The turbocharged NX 300 scoots from zero to 97 km/h in 6.9 seconds, which aligns with the class average. In real life the turbo four feels livelier, with ample torque kicking in shortly after idle speed. Power delivery is linear and predictable, although the NX 300h hybrid exhibits slightly slower acceleration, but considerably better fuel efficiency.

Handling is a little disappointing, given the NX’s higher centre of gravity and propensity to lean in the corners – anyone coming from a BMW X3 or X1 will notice it – but it’s hardly an embarrassment. Steering effort is light around town and doesn’t provide much feedback, but as speed builds the weighting also increases, providing confidence on the highway. The F Sport package features a stiffer suspension, but it still prioritizes comfort over performance.

Perhaps the most surprising aspect of the NX drive is the 2.0-litre turbo four’s thirst for premium-grade fuel. Turbo engines can be especially sensitive to driver inputs; a lead foot is punished with poor fuel economy and in this instance, it could mean mileage in the low 20s around town, though it does considerably better than 30 mpg (8.5 litres/100 km) on the highway. The NX 300h hybrid actually fares better in the city than the highway, scoring 7.2/7.9 litres/100 km (city/hwy) – and it’s happy with regular gas.


Lexus NX drivers have lots to be thankful for: great features and value for their money compared to the European brands, a luxurious cabin, serene comfort in a small package, secure handling, numerous safety features, availability of an AWD hybrid drivetrain, and Lexus reliability. That last point comes up a lot in owners’ remarks.

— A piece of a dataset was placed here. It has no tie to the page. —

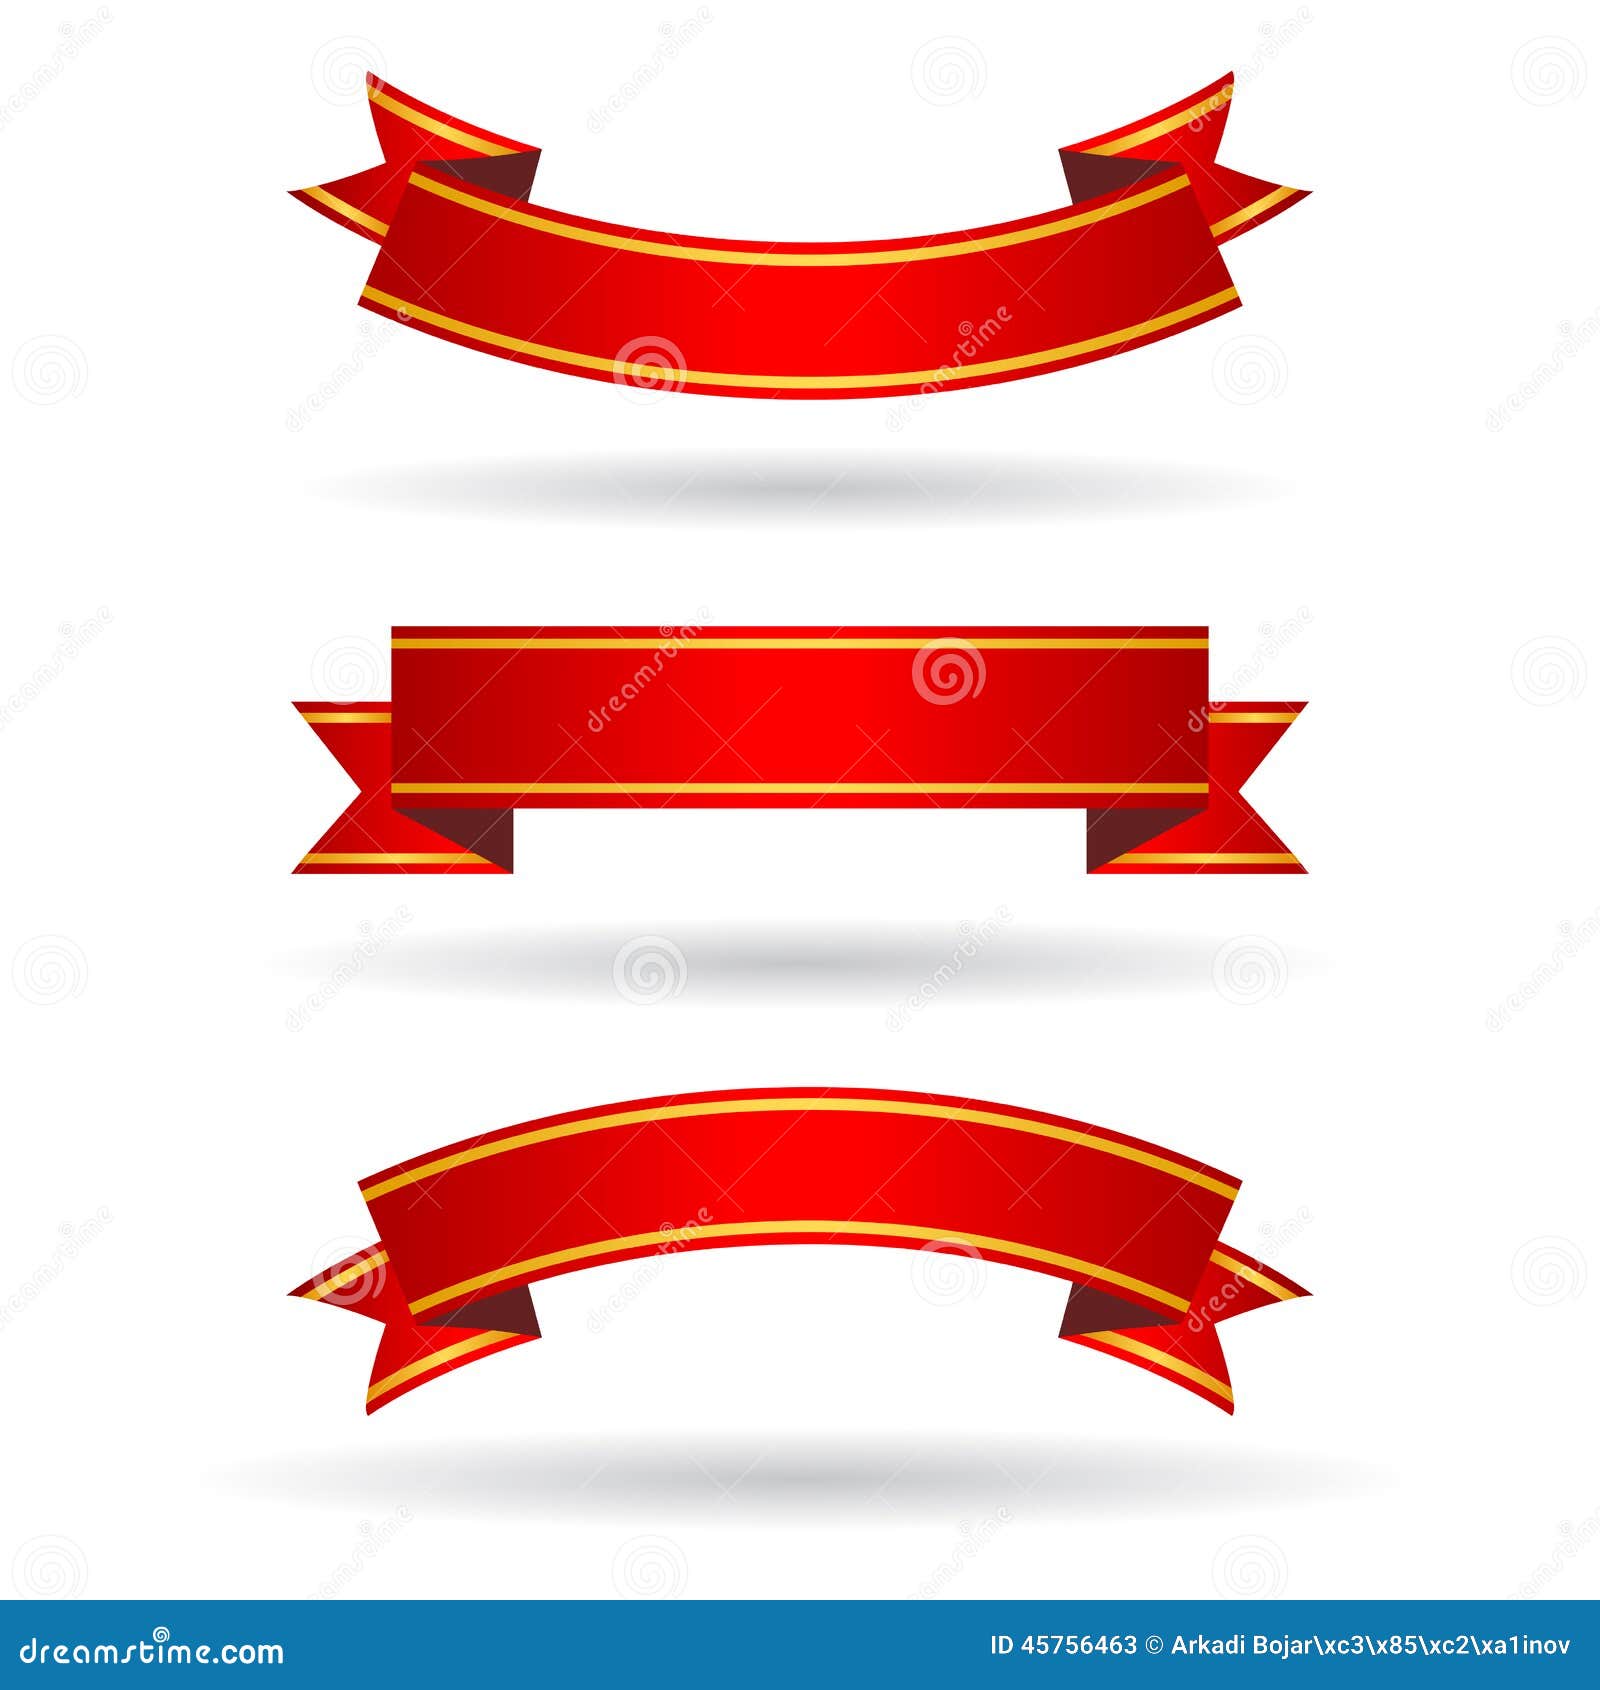 Red banners stock vector. Illustration of leader, ribbon - 45756463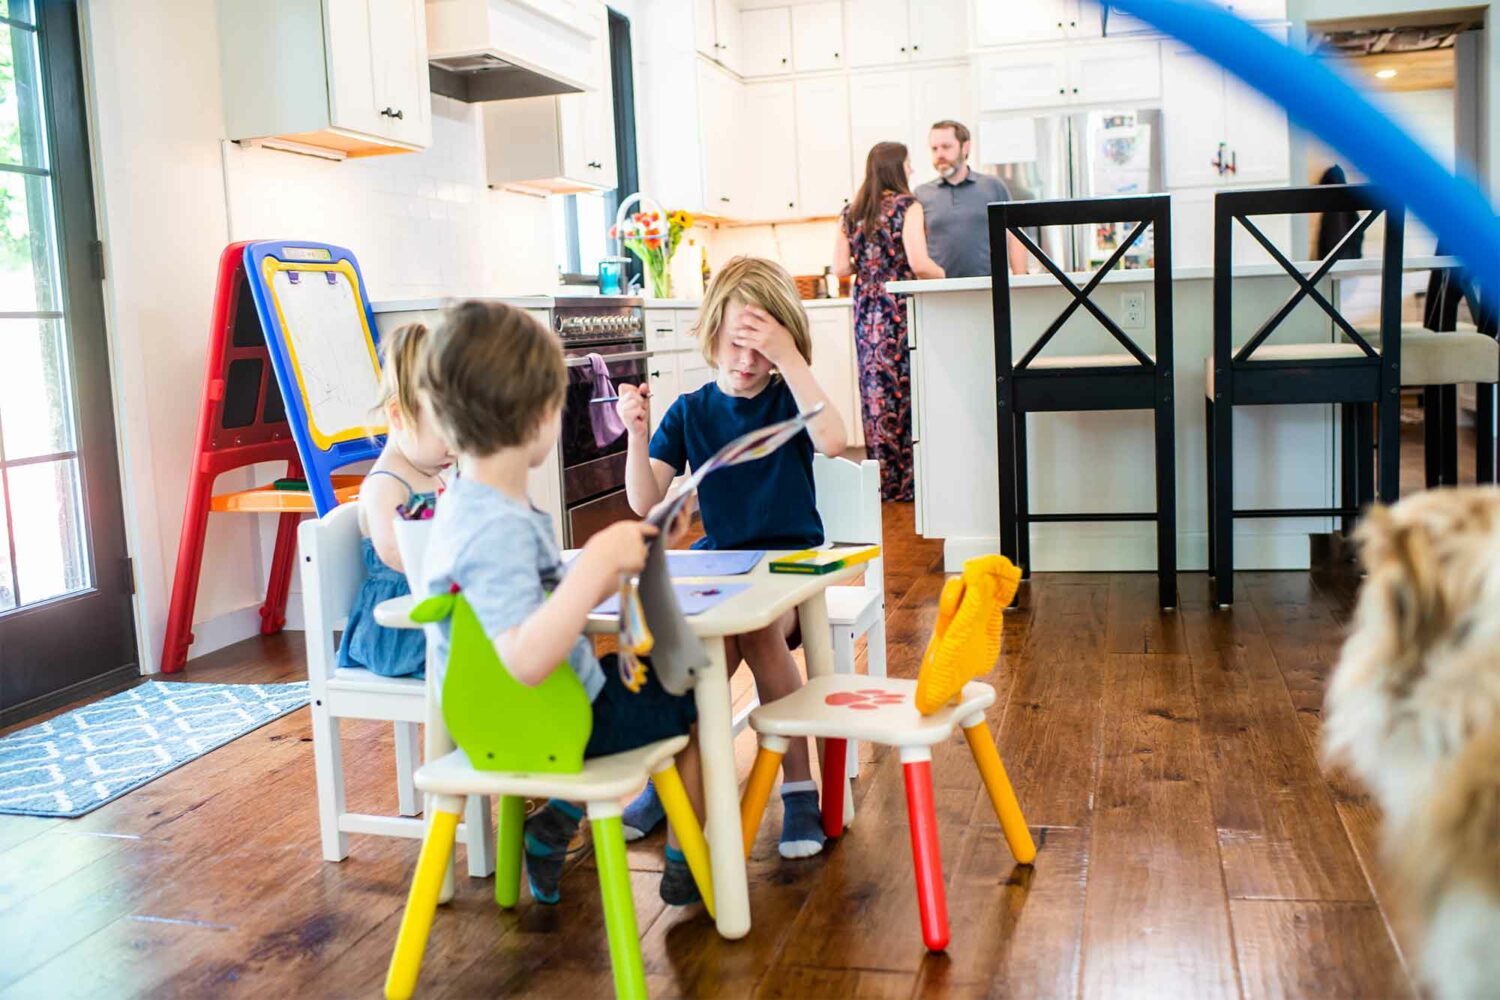 3 children playing or drawing at a kids table while parents talk behind them in the kitchen.

“The BMW had a sportier feel, but at the cost of high maintenance, rough riding run-flat tires and expensive repairs. Resale value is excellent and repairs to our last Lexus generally were few and far between, unlike my BMW’s,” wrote one NX pilot who’s had some experience comparing brands.

In terms of letdowns, the NX has a few. Some disliked the infotainment system’s touchpad feature immensely, as noted earlier. Cargo space is compromised by the emphasis on creature comfort – the split-folding rear bench reclines, further cutting into luggage room – and the rear window is small, which restricts the driver’s view out the back. A few drivers noticed some turbo lag and torque steer, in addition to the tepid acceleration, all unbecoming in a premium vehicle.

In terms of mechanical weaknesses, NX owners have had almost no complaints to speak of. A few people have had issues with the air conditioning system failing prematurely. Others had more to say about the infotainment system, calling it unresponsive at times, especially to voice commands while using the GPS. Compatibility with certain smartphones is also an apparent issue.

Beyond that, it’s no surprise the NX has largely met buyers’ expectations. Lexus continues to dominate dependability surveys and owners have come to presume a faultless experience. The made-in-Japan NX continues in that tradition, making it a safe bet as a used-vehicle buy.